Беглецы - Карпущенко Сергей Васильевич 3 стр.


– А скажи-ка, Мориц-Август, как поживает там Россия? Воюет с турками?

– Воюет, и весьма успешно. – Беньёвский отложил вилку и вытер рот своим кружевным платком. – Еще в июне российский флот одержал славнейшую викторию над турецким близ Чесмы и совершенно сжег последний. Государыня со свойственным ей красноречием писала, я запомнил, что наш флот подобен Исааку, который, женясь семидесяти лет, оставил потомство, кое видится и до сего дня. Прекрасно сказано!

– Недурно! – воскликнул Нилов. – Господа, сие событие следует омыть вином!

Все сидящие за столом, и без того не забывавшие наполнять свои стаканы, радостно поддержали капитана.

– Двадцать же первого июля, – продолжал Беньёвский, – об оном я узнал уже в Охотске, наш славный фельдмаршал граф Румянцев при реке Кагуле всего с семнадцатью тысячами войска разбил и в совершенное бегство обратил за берега дунайские сто пятьдесят тысяч турецкой сволочи. Все сие возбуждает равномерный страх неприятелям и ненавистникам нашим.

– Блестящая, Богом дарованная победа! – с восторгом принял известие Нилов и снова воздал наполненным бокалом должные почести славному русскому оружию, после чего, внезапно загрустив, сверкая пьяной слезой, заговорил: – Какие славные дела чинятся российским воинством, а я, обер-офицер, воевавший с Минихом Очаков, принужден в сей срамотной дыре сидеть, командуя шайкой пьяных казаков! Горчайшая несправедливость!

– А разве ж мы здеся не обороняем границы империи Российской?

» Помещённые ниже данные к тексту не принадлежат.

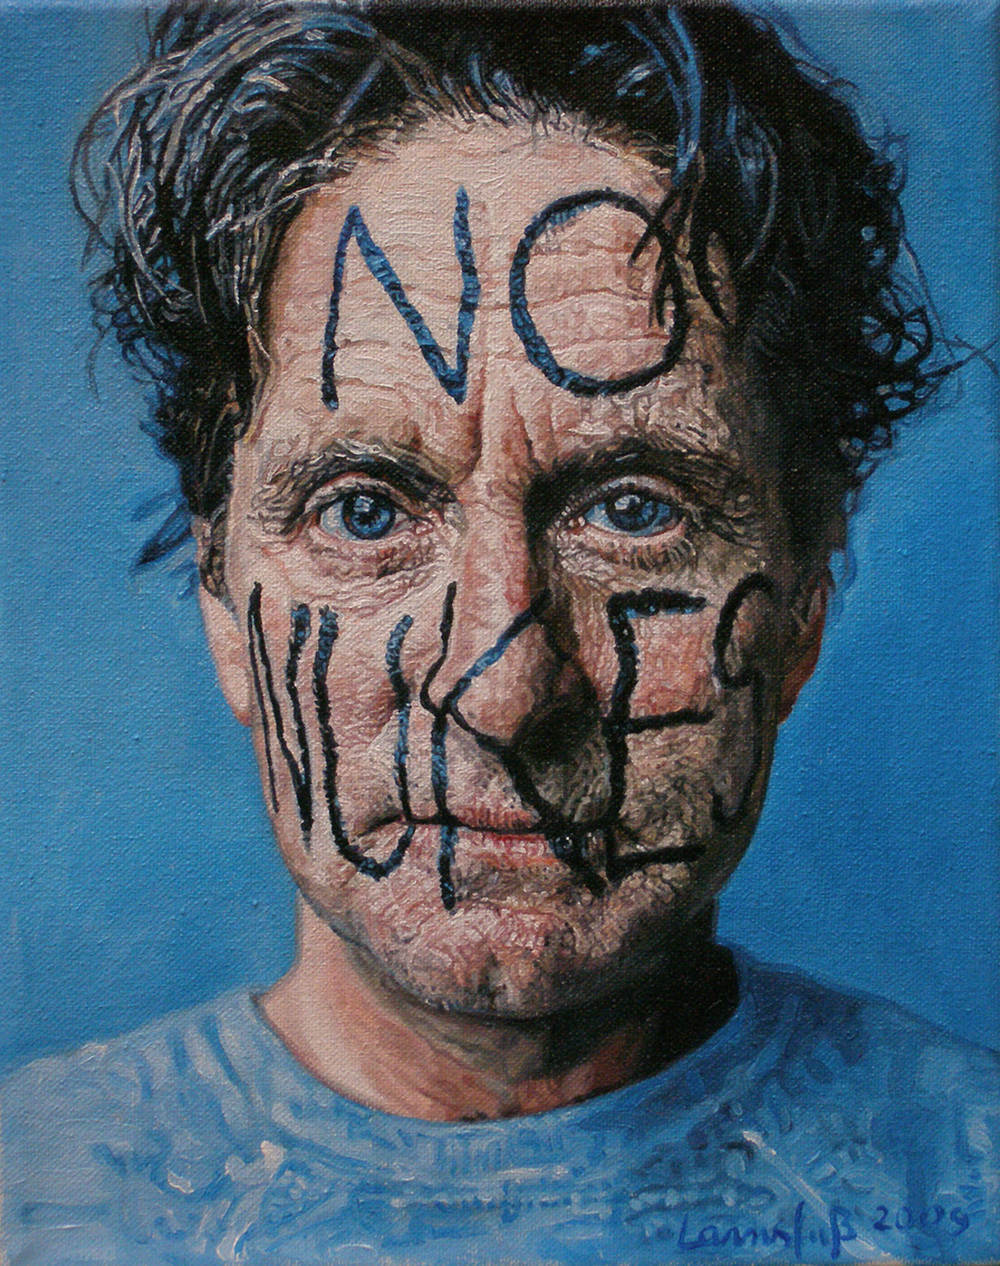 Ulrich Lamsfuss   Peggy Sigota, Michael Douglas–No Nukes (Jalouse, Dez 2000 - Jan 2001) , 2009 oil on canvas 12.01 x 9.65 inches 30.5 x 24.5 cm

Али совсем не надобен Большерецк?

– Да от кого ее оборонять-то? – с горечью в голосе прокричал Нилов и, обращаясь уже только к Беньёвскому, заговорил: – Японец сюда никогда не придет, агличанам да французам далече и ненужно, португалам не по силам. Одним камчадалам на пугало сижу, сволочи оной грязной, чумичкам, которые токмо ради водки одной и живут на белом свете. Ведь ты, Мориц-Август, еще не знаешь, что сие за народ! Они за водку отца родного продадут, не то что всю свою годовую добычу пушнины. А ты чьей земли будешь, Мориц-Август? Поляк? – спросил неожиданно Нилов, нетвердо и пьяно.

– Во Франции называли меня Морисом де Бенёв, в Польше – Беньёвским, а в Венгрии и в цесарской земле имел я прозвание Беневи. Мориц Беневи.

– Выходит, венгерец ты?

Ссыльный опять неопределенно двинул плечами:

– Наверное, немало держав могли бы назваться моим отечеством. Скорей всего, весь мир – мое отечество.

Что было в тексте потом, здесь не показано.